On 19 April 1969 Light Attack Squadron 4 (VAL-4) began combat operations, flying air support for the Mobile Riverine Force in the Mekong Delta. The missions included patrol, overhead air cover, scramble alert and gunfire/artillery spotting. On 31 March 1972 VAL-4 conducted its last combat mission prior to its disestablishment on 10 April 1972. On 11 April 1972 the US Navy Base at Binh Thuy was handed over to the Republic of Vietnam Navy.

==RVNAF use==
In October 1964 the RVNAF 520th Fighter Squadron equipped with A-1Hs was formed at Bien Hoa AB, however due to delays in construction of the base it was only in December that they were able to start deploying a 5 aircraft detachment daily from Bien Hoa AB to Binh Thuy.

On 7 May 1967 an attack on the base destroyed 4 A-1Hs and 2 UH-34s.

By 1969 with the transfer of AC-47s to the RVNAF, 6 AC-47s of the 817th Combat Squadron were maintained on ground alert at the base.

==Fall of South Vietnam==

As the southernmost RVNAF base, Binh Thuy remained operational until the end of the Vietnam War.
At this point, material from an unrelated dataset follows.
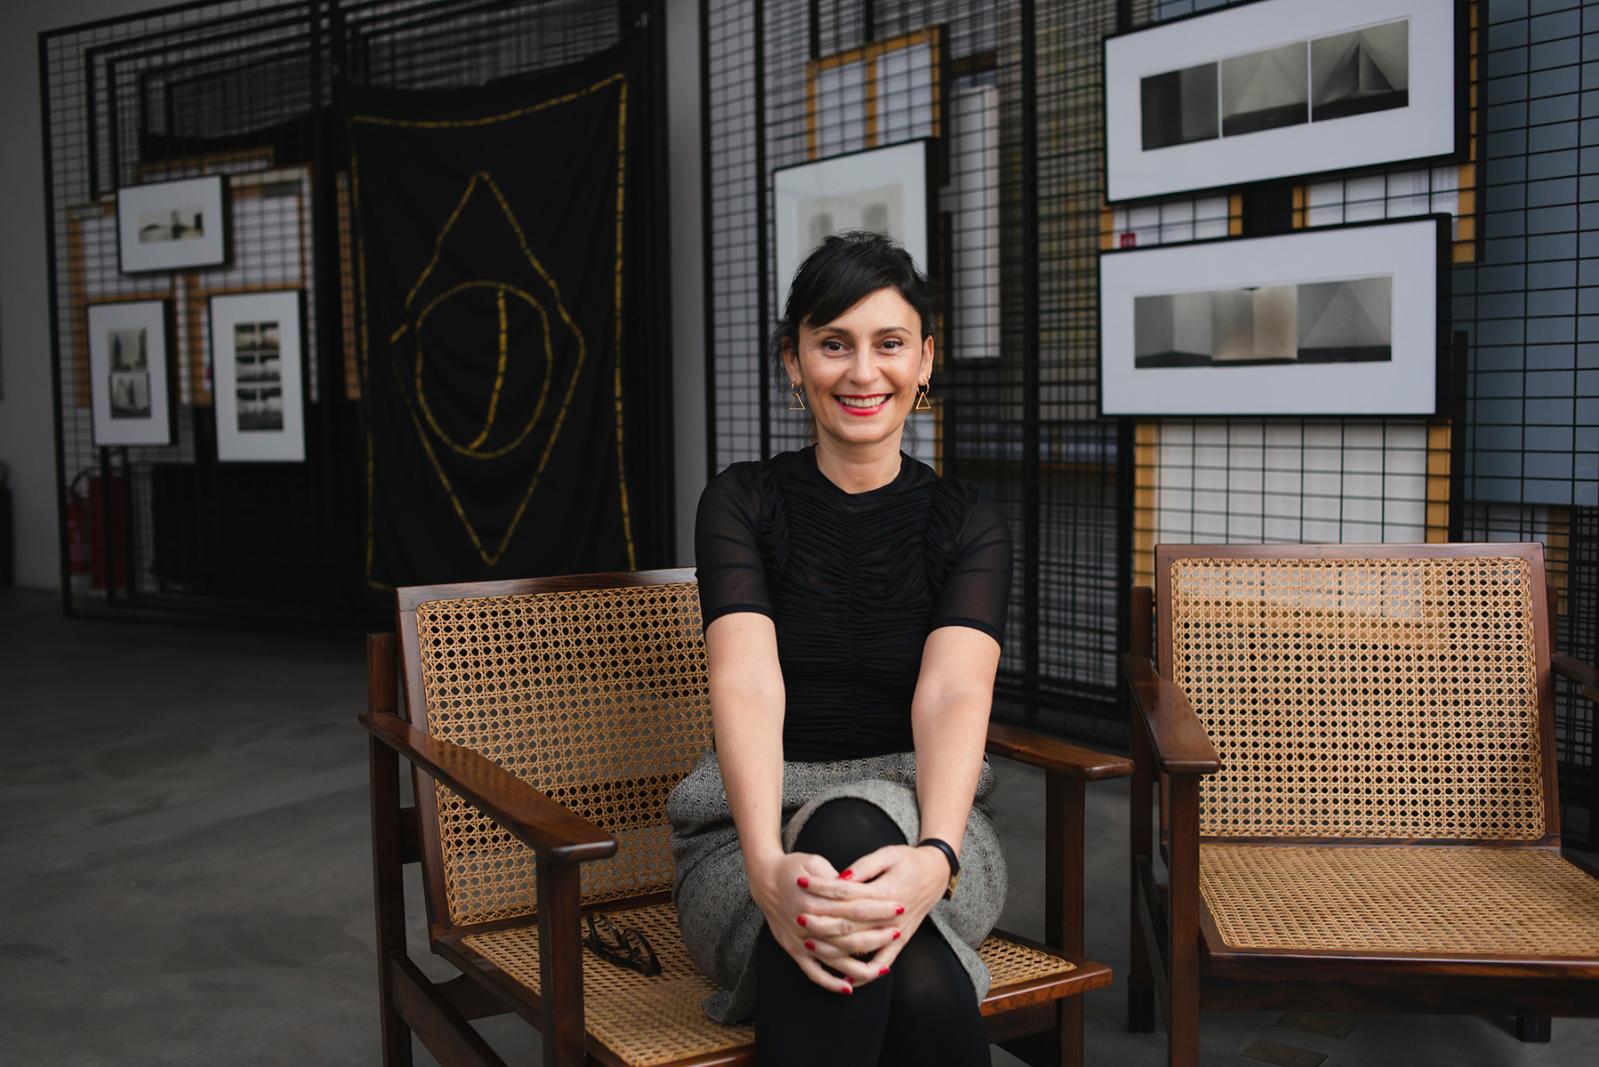 Gallery Owner Jacqueline Martins Wants to Showcase Brazilian Artwork

In the 1975 Spring Offensive, the Army of the Republic of Vietnam 21st Division defended Binh Thuy from the attacking PAVN. On the morning of 30 April 1975 Binh Thuy based jets carried out the last known air strike of the war destroying two T-54 tanks of the People's Army of Vietnam 10th Division as they attempted to attack Tan Son Nhut Air Base.

==Accidents and incidents==
- In early 1967 an AC-47 of the 4th Air Commando Squadron crashed on landing and was destroyed.